◆ **Available records**:
--- START ---

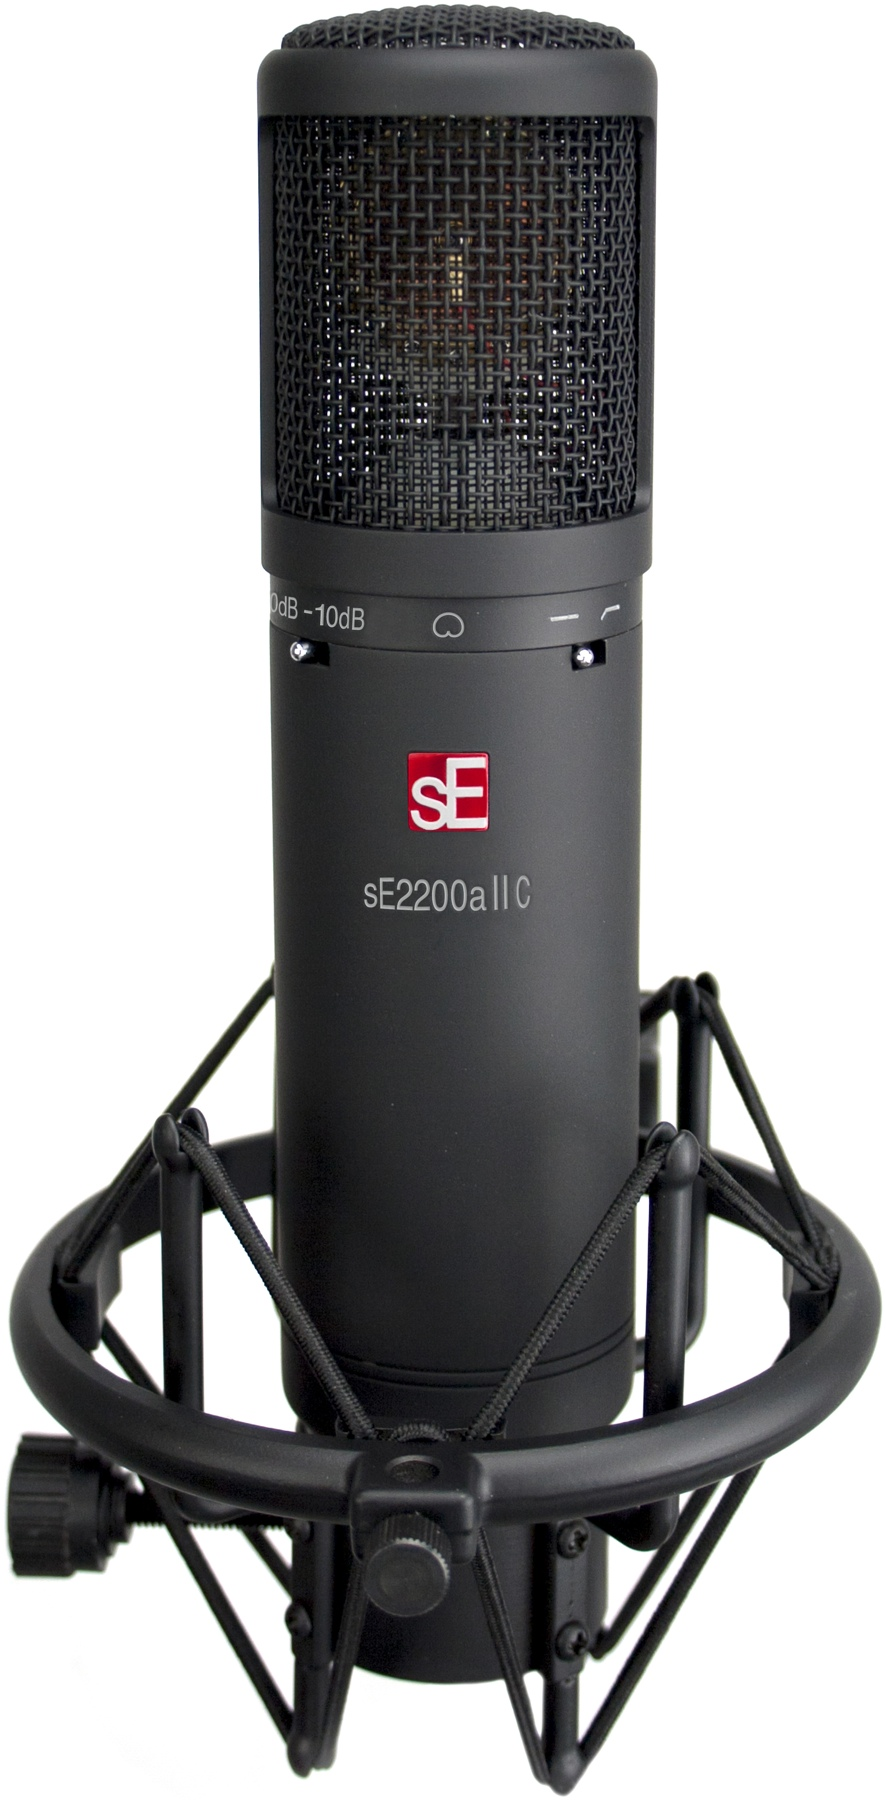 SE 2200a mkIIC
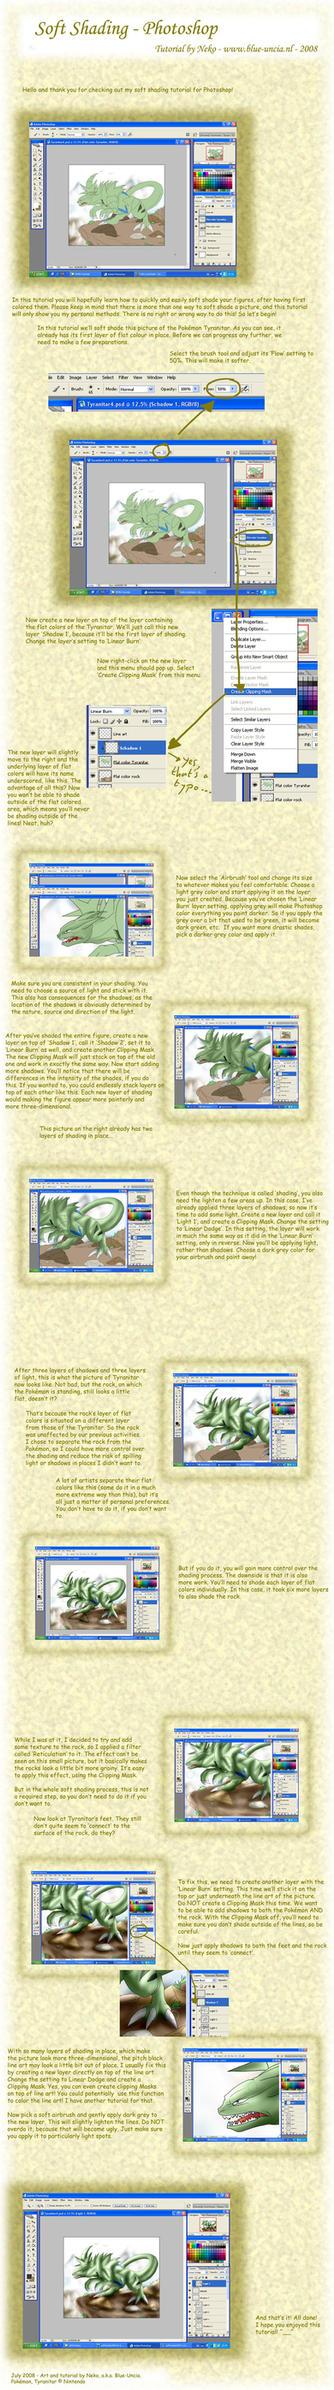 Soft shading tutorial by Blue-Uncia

--- END ---
--- START ---

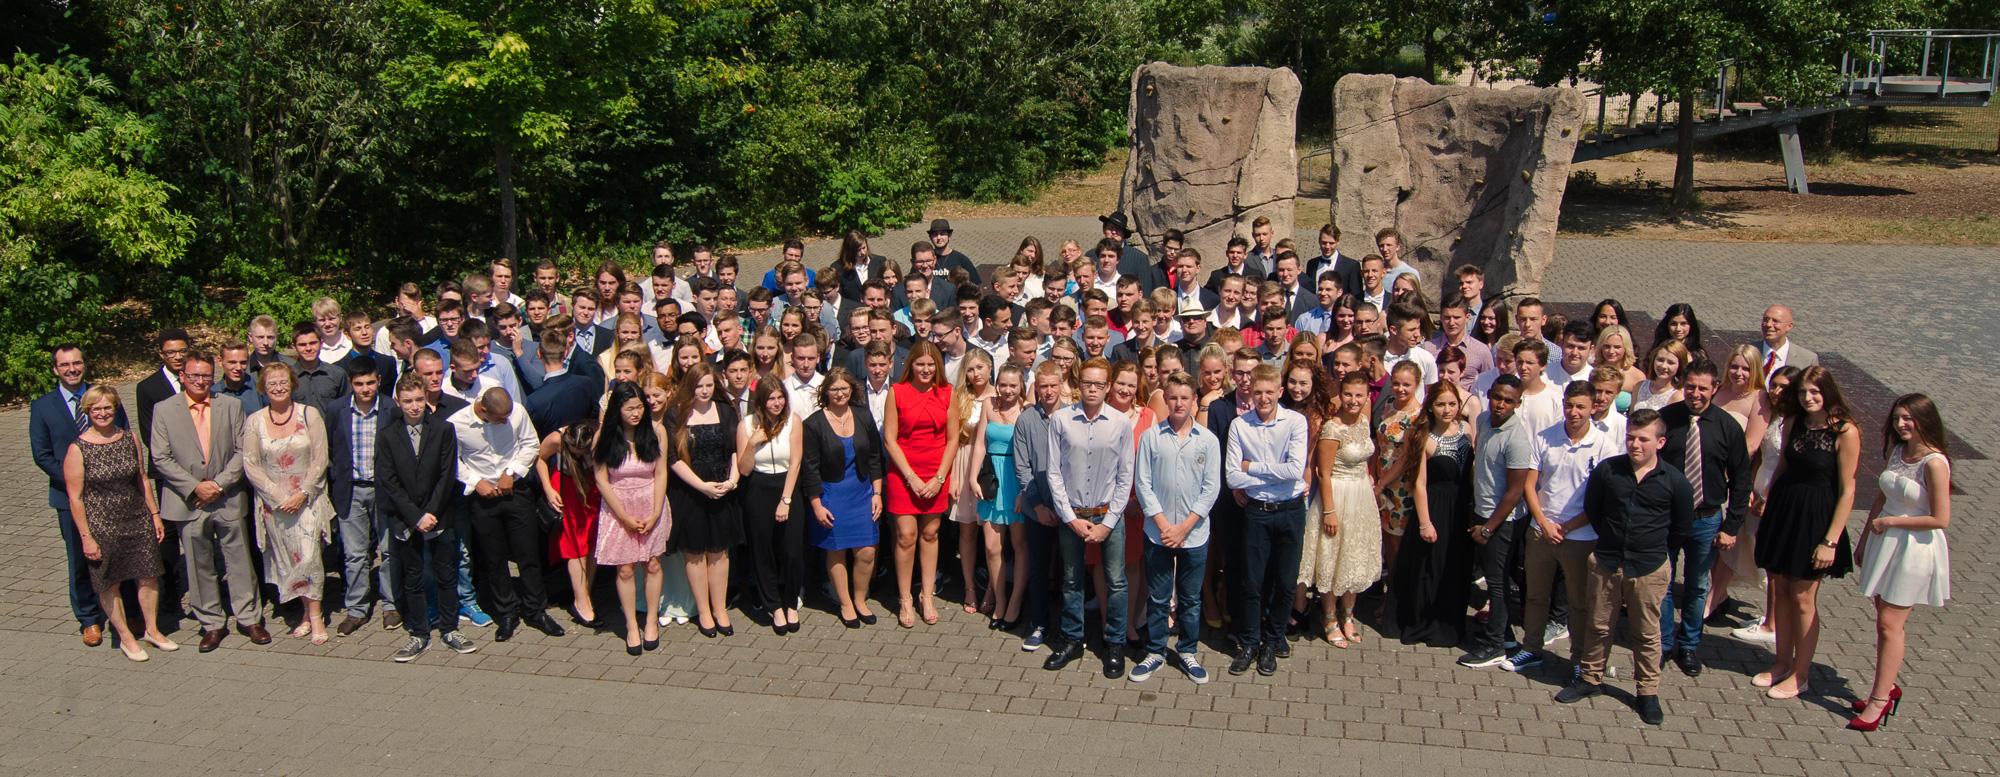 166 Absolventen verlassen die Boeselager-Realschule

--- END ---
--- START ---

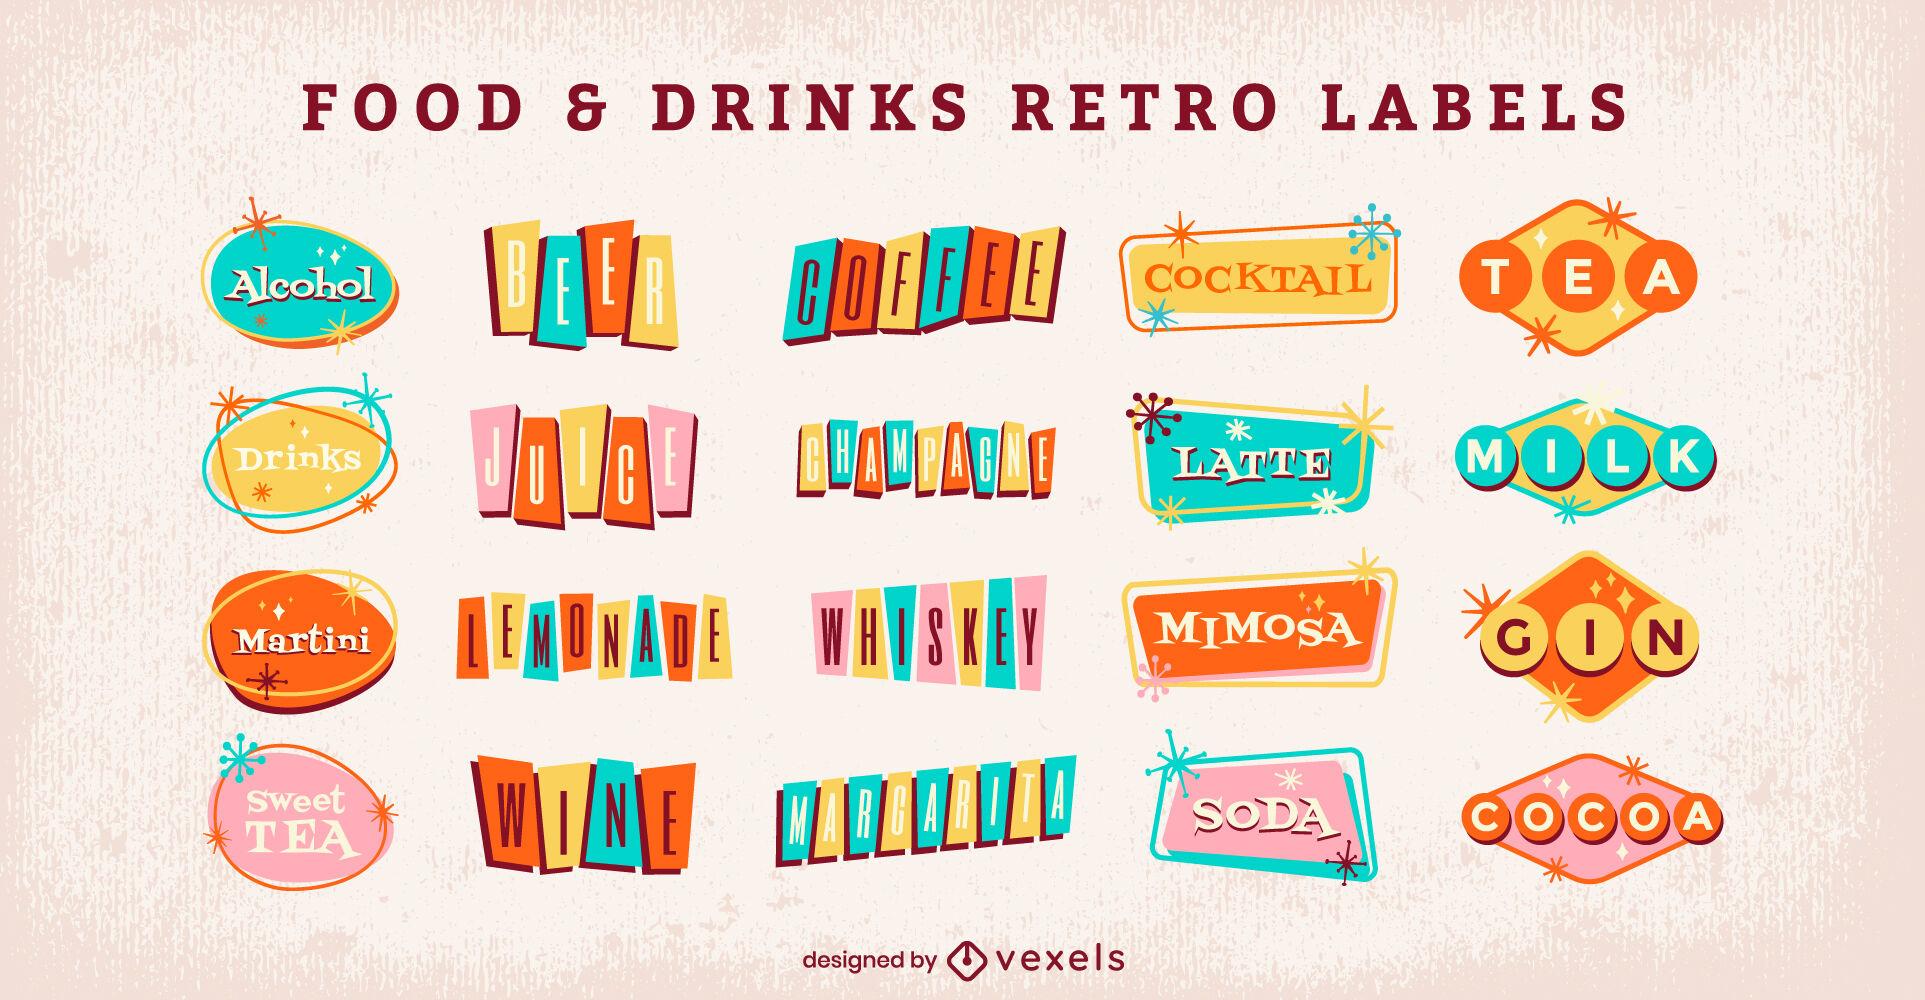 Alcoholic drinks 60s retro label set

--- END ---

◆ **Exercise objective**:
From the records above, output only the lines starting at the one containing "SE 2200a mkIIC" and ending at the one containing "Soft shading tutorial by Blue-Uncia", word for word. Pictures stay out.

◆ **Answer below**:
 SE 2200a mkIIC
 Soft shading tutorial by Blue-Uncia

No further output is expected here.